● How to complete this task: The whole listing is to be given again without alteration, except that its pictures are dropped.

** Opening Given material block **

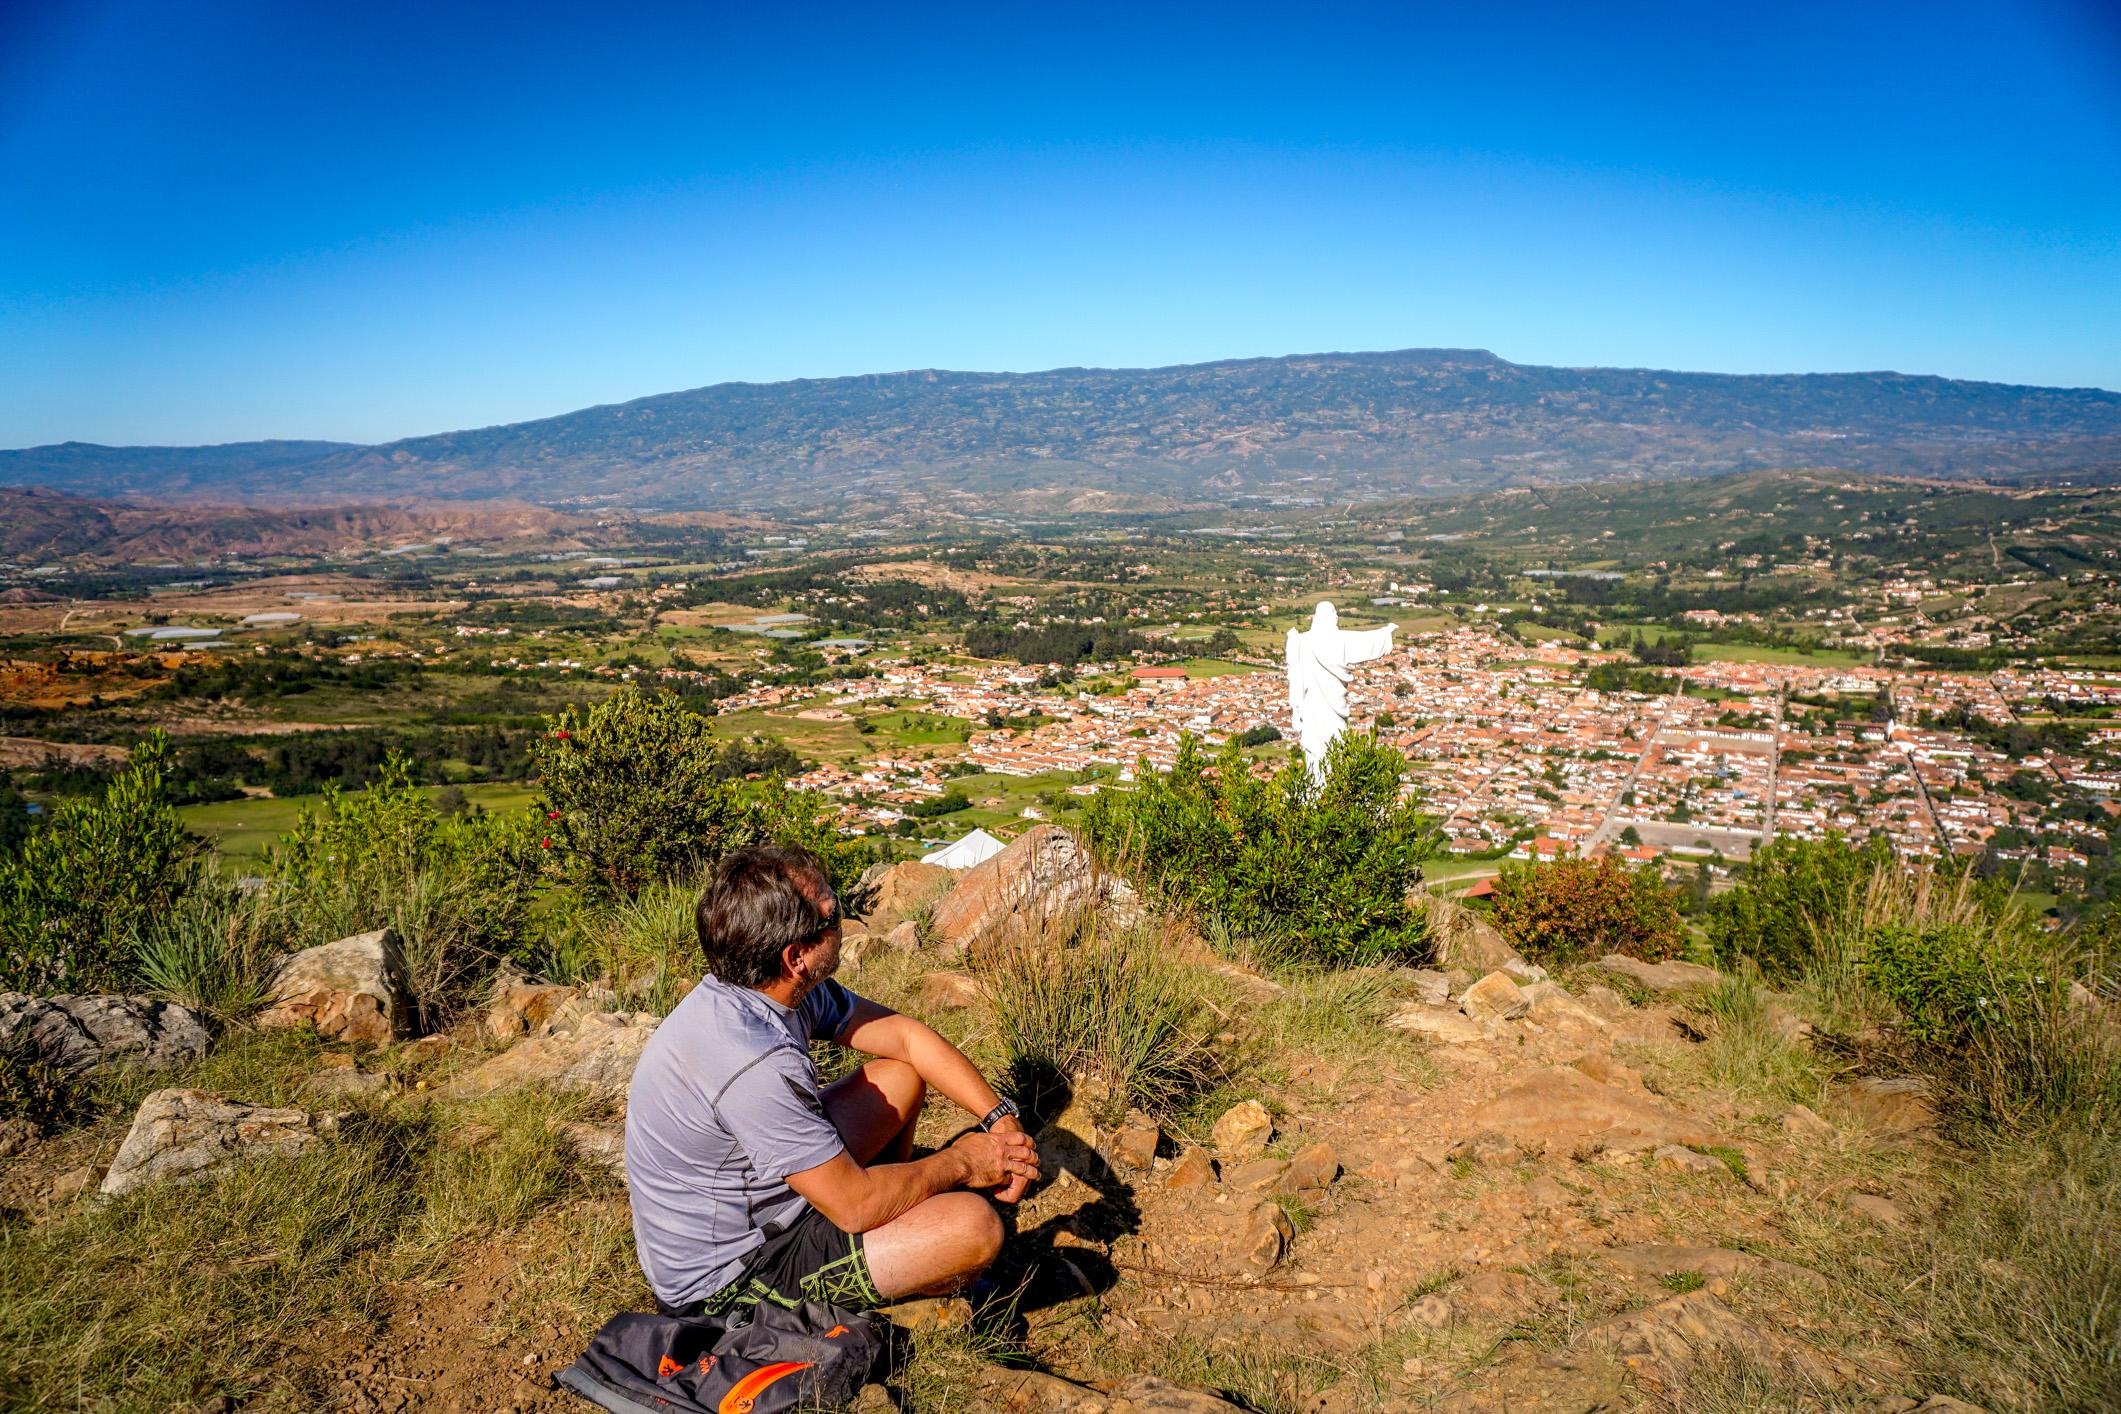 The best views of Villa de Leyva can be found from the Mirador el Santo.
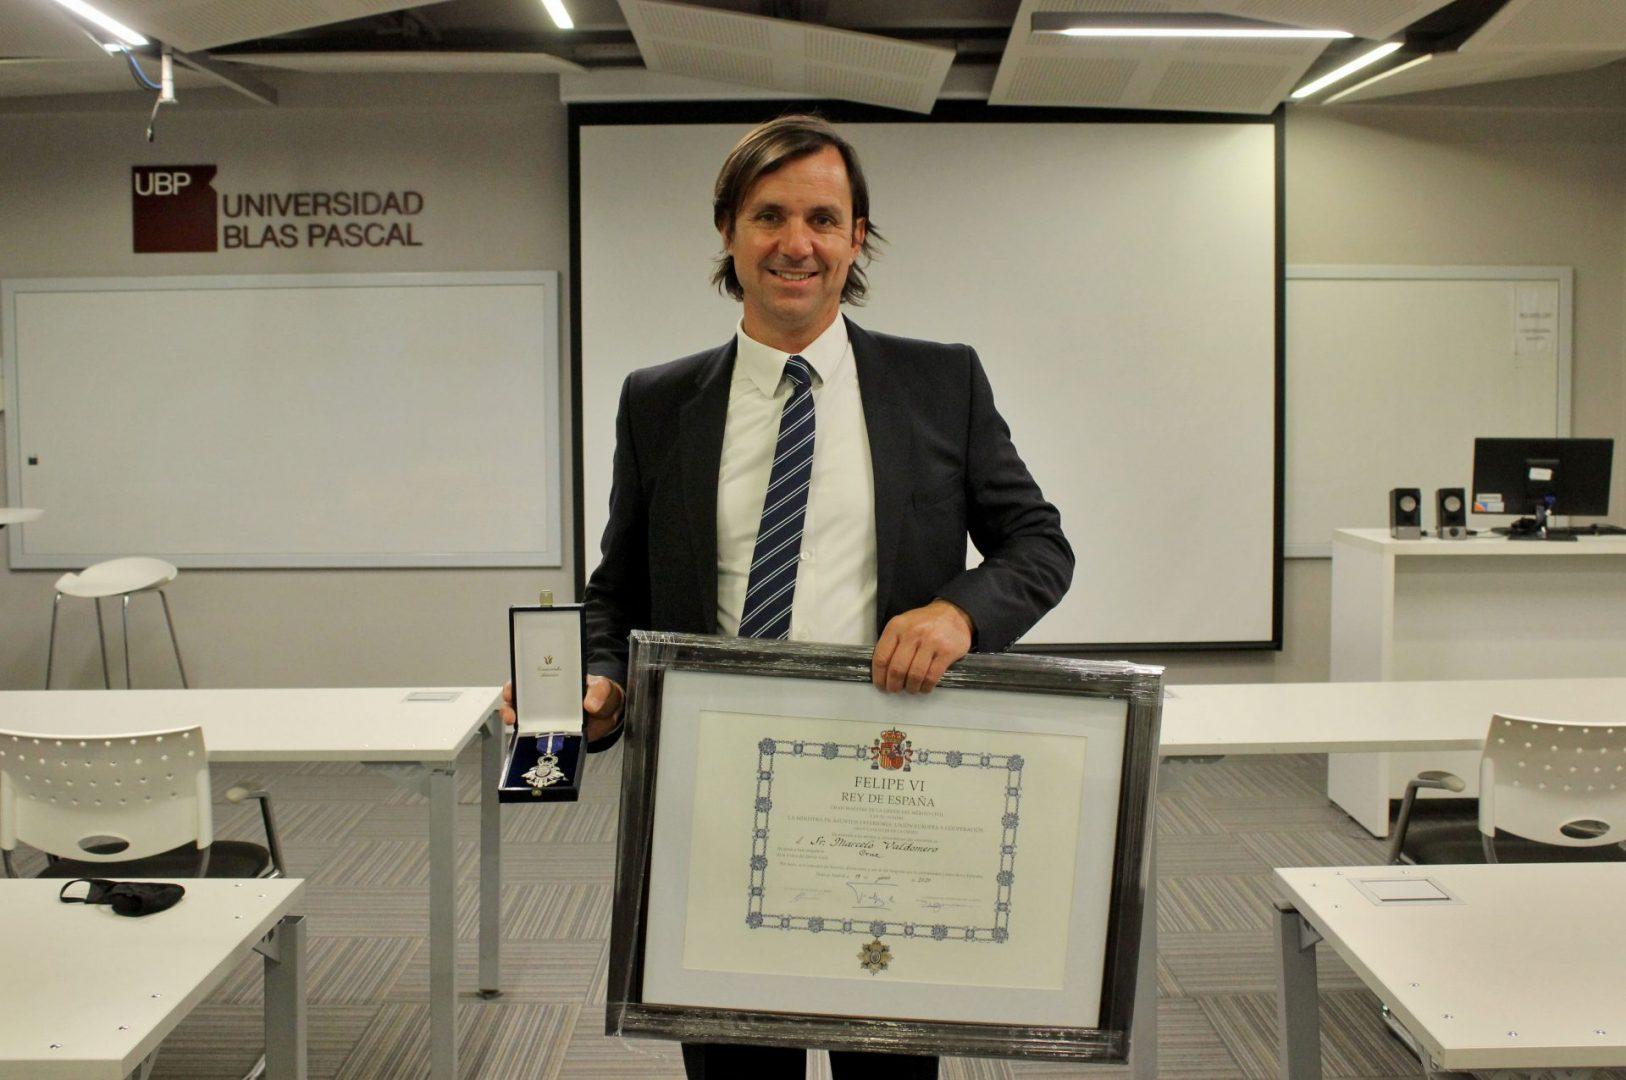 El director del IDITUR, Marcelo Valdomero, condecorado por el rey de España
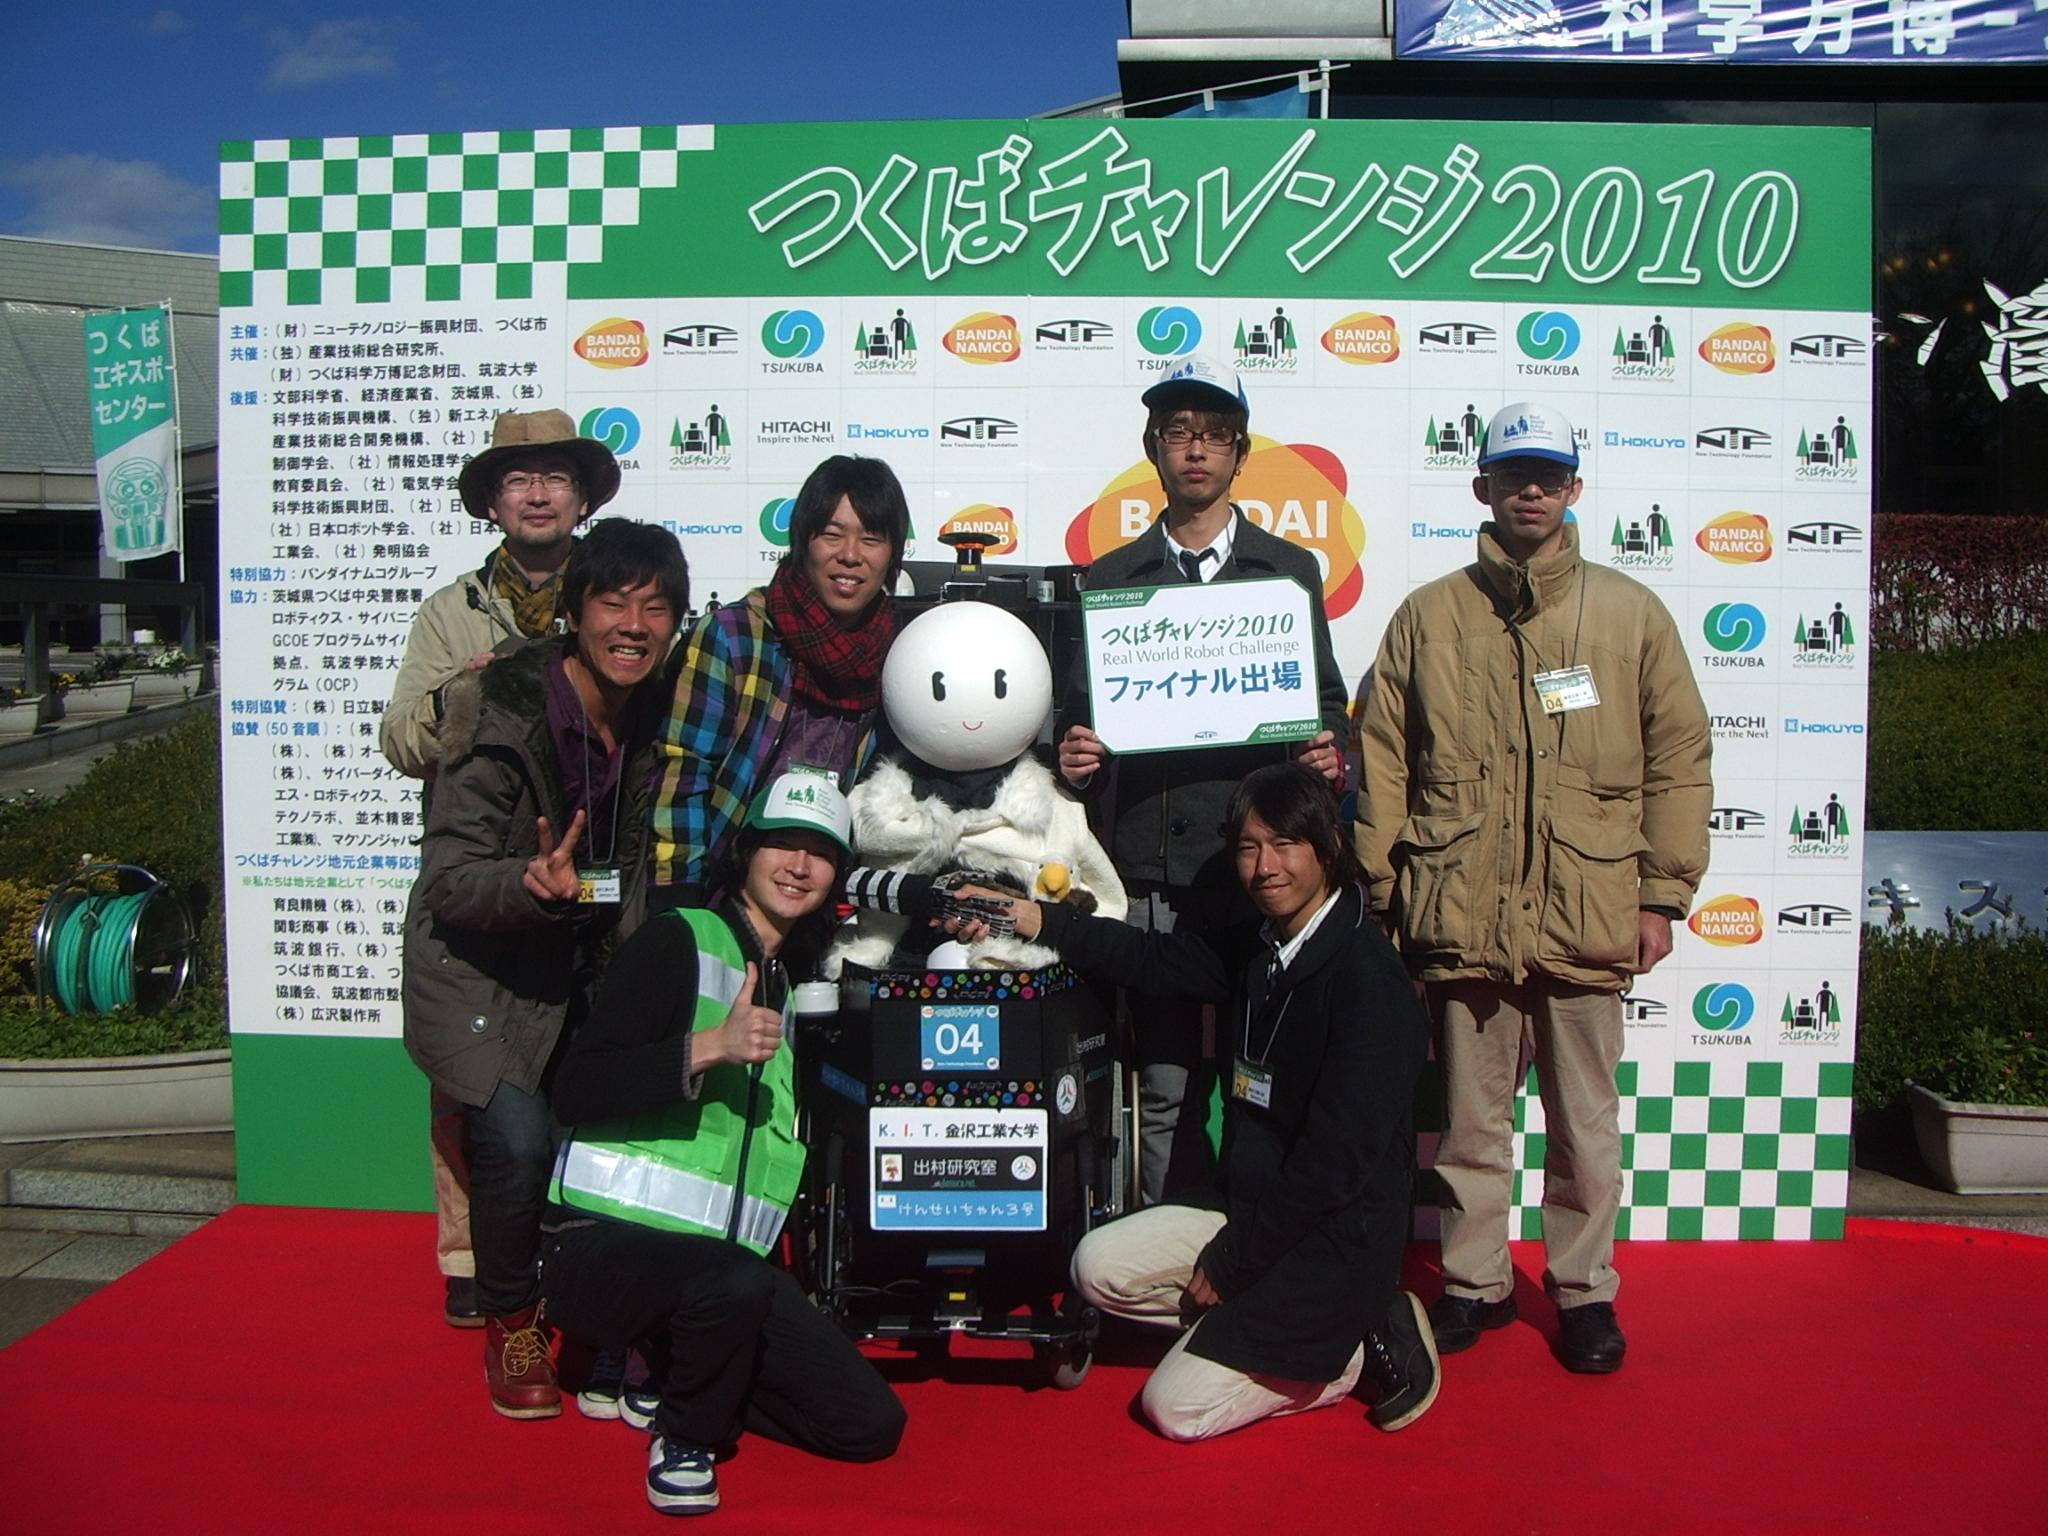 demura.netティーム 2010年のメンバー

** Closing Given material block **

● Result of this exercise:
 The best views of Villa de Leyva can be found from the Mirador el Santo.
 El director del IDITUR, Marcelo Valdomero, condecorado por el rey de España
 demura.netティーム 2010年のメンバー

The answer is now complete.